> **Required work**
Every line between the one containing "Diamond Drop Earrings features" and the last line of the data, both included, is to be set down exactly, and pictures are to be omitted.

> **Data for this task**
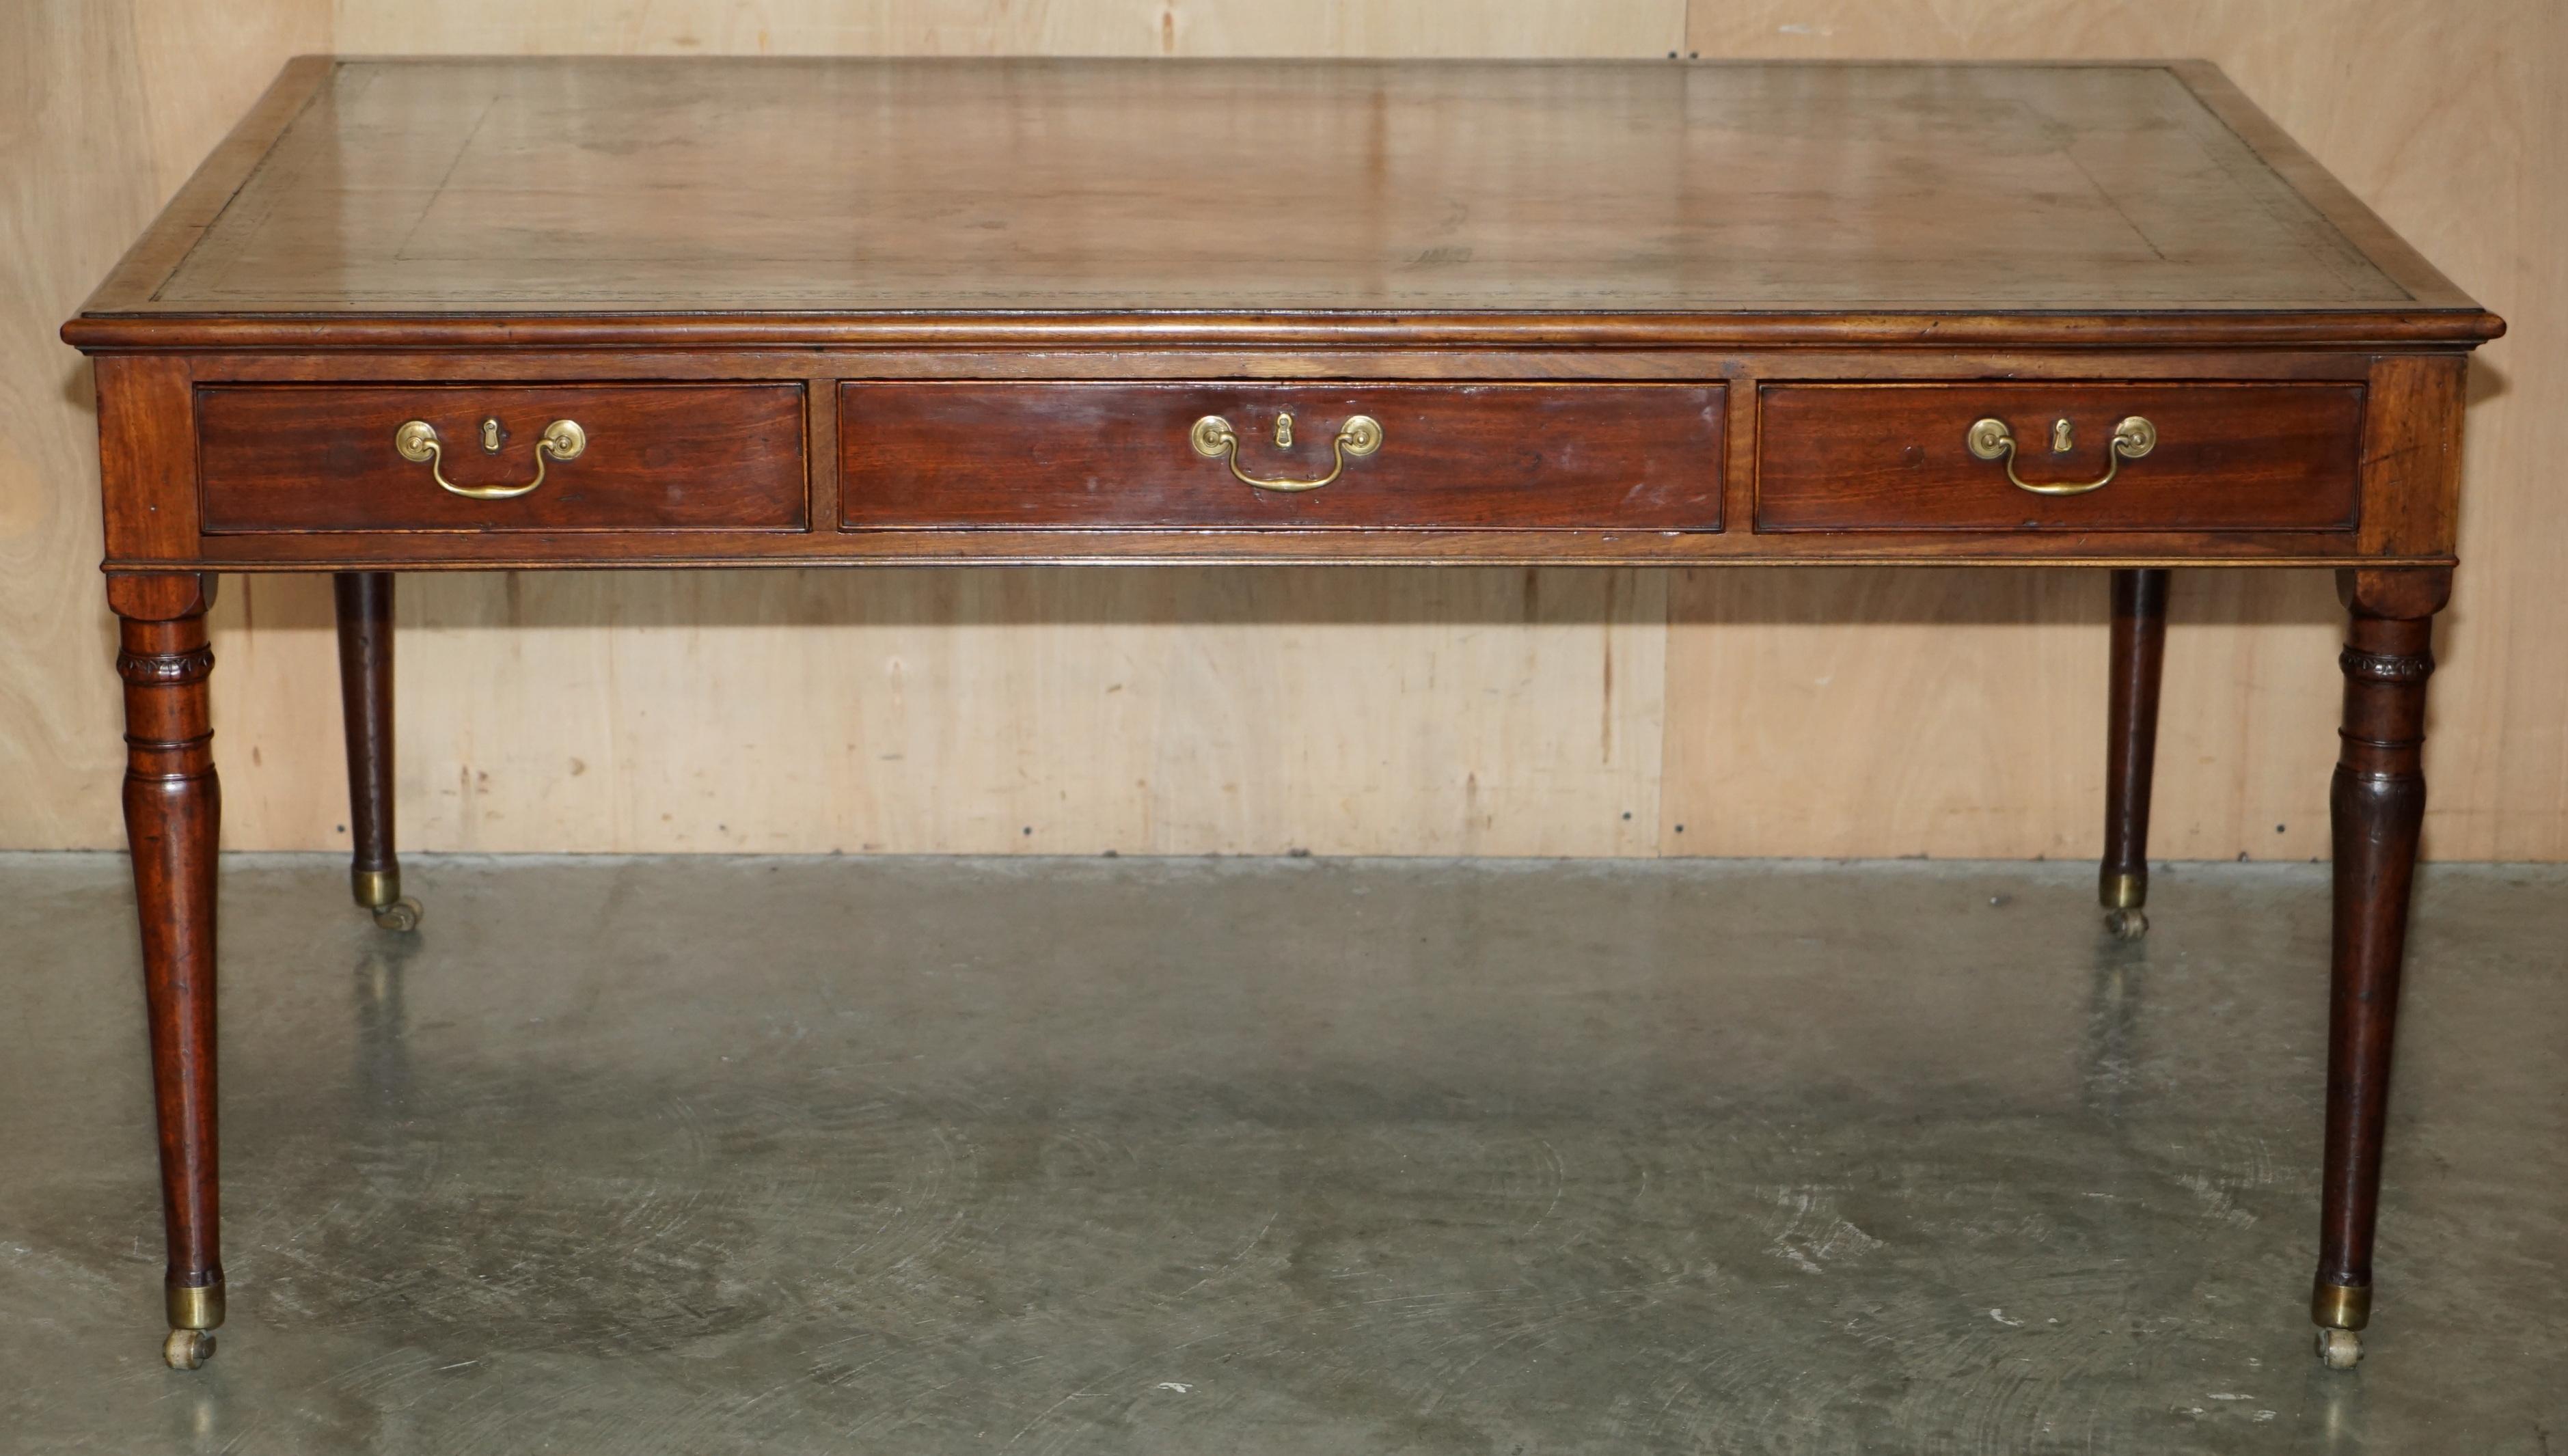 EXQUISITE ANTiQUE GEORGIAN IRISH 1780 RESTORED BROWN LEATHER WRITING TABLE DESK For Sale 8
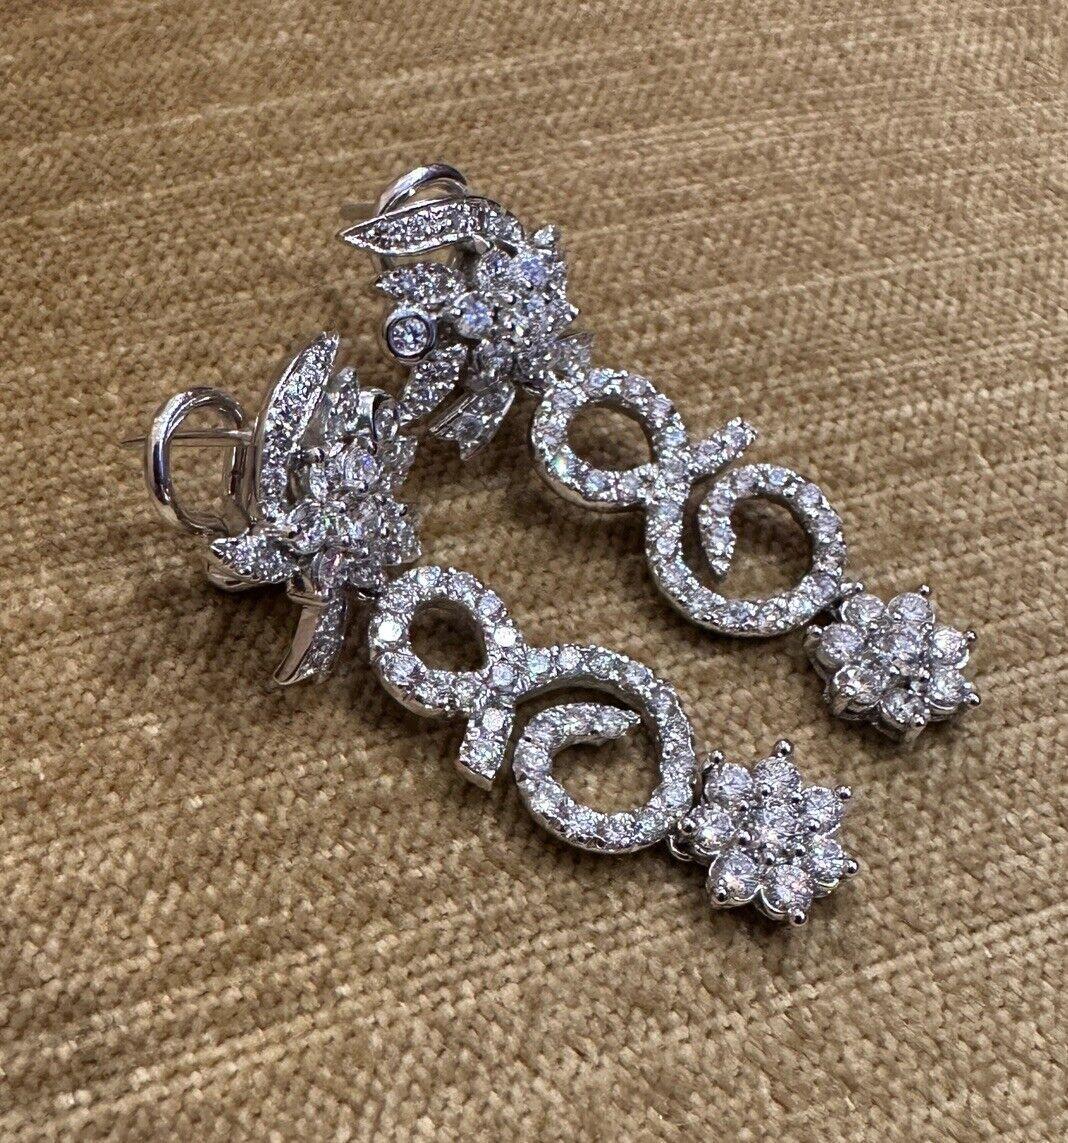 Flower Diamond Drop Earrings 3.00 carat total weight in 14k White gold 

Diamond Drop Earrings features a Floral Scroll Drop Motif with Round Brilliant Diamonds set in 14k White Gold.

The total diamond weight is estimated to be 3.00
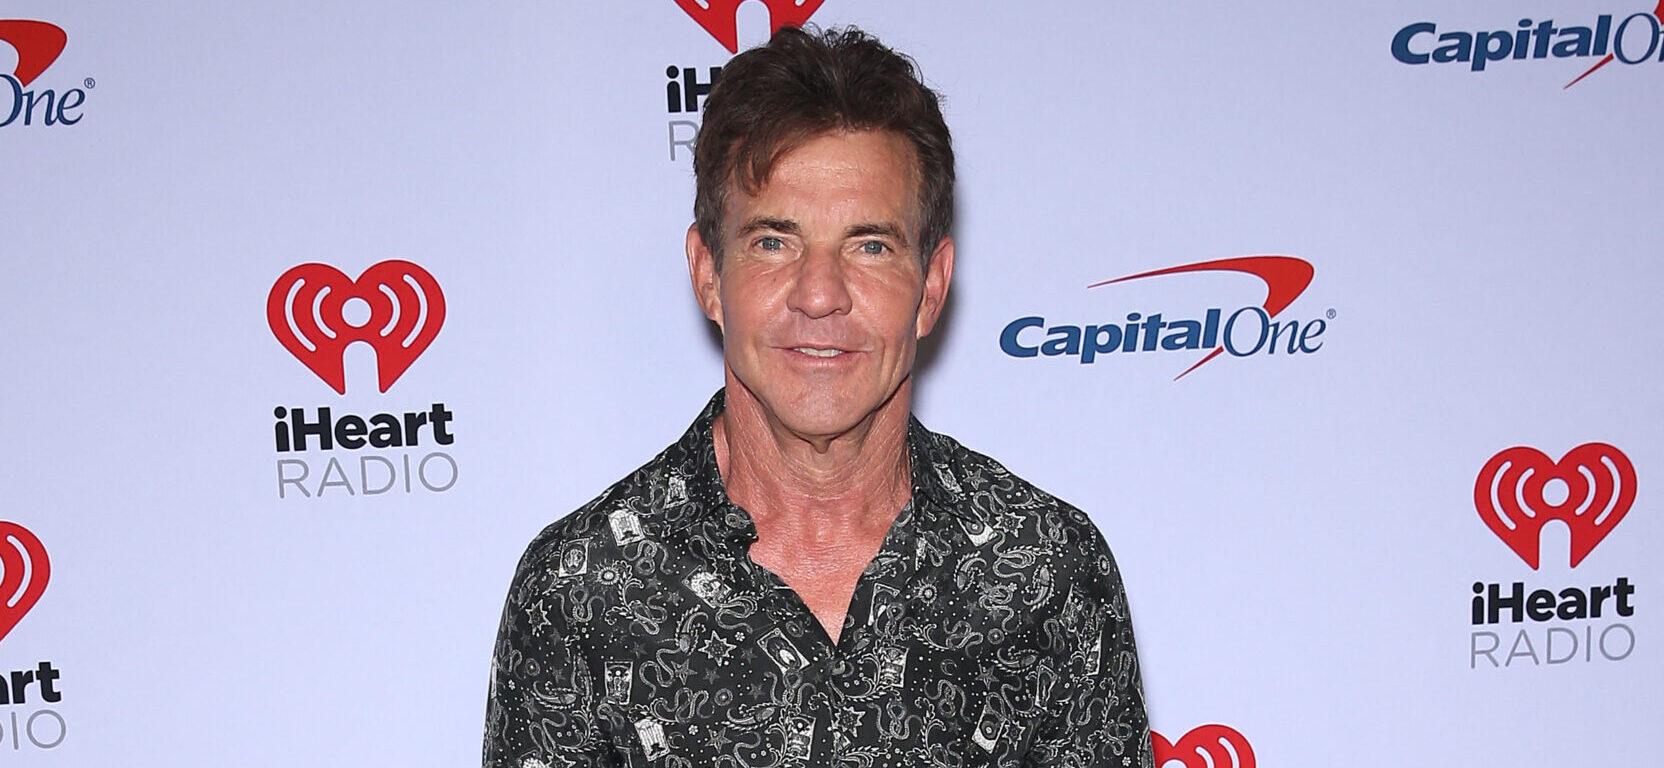 Dennis Quaid Gets Candid About Past Cocaine Addiction And ‘White Light Experience’ That Led Him To Rehab

> **Expected answer**
Diamond Drop Earrings features a Floral Scroll Drop Motif with Round Brilliant Diamonds set in 14k White Gold.

The total diamond weight is estimated to be 3.00
 Dennis Quaid Gets Candid About Past Cocaine Addiction And ‘White Light Experience’ That Led Him To Rehab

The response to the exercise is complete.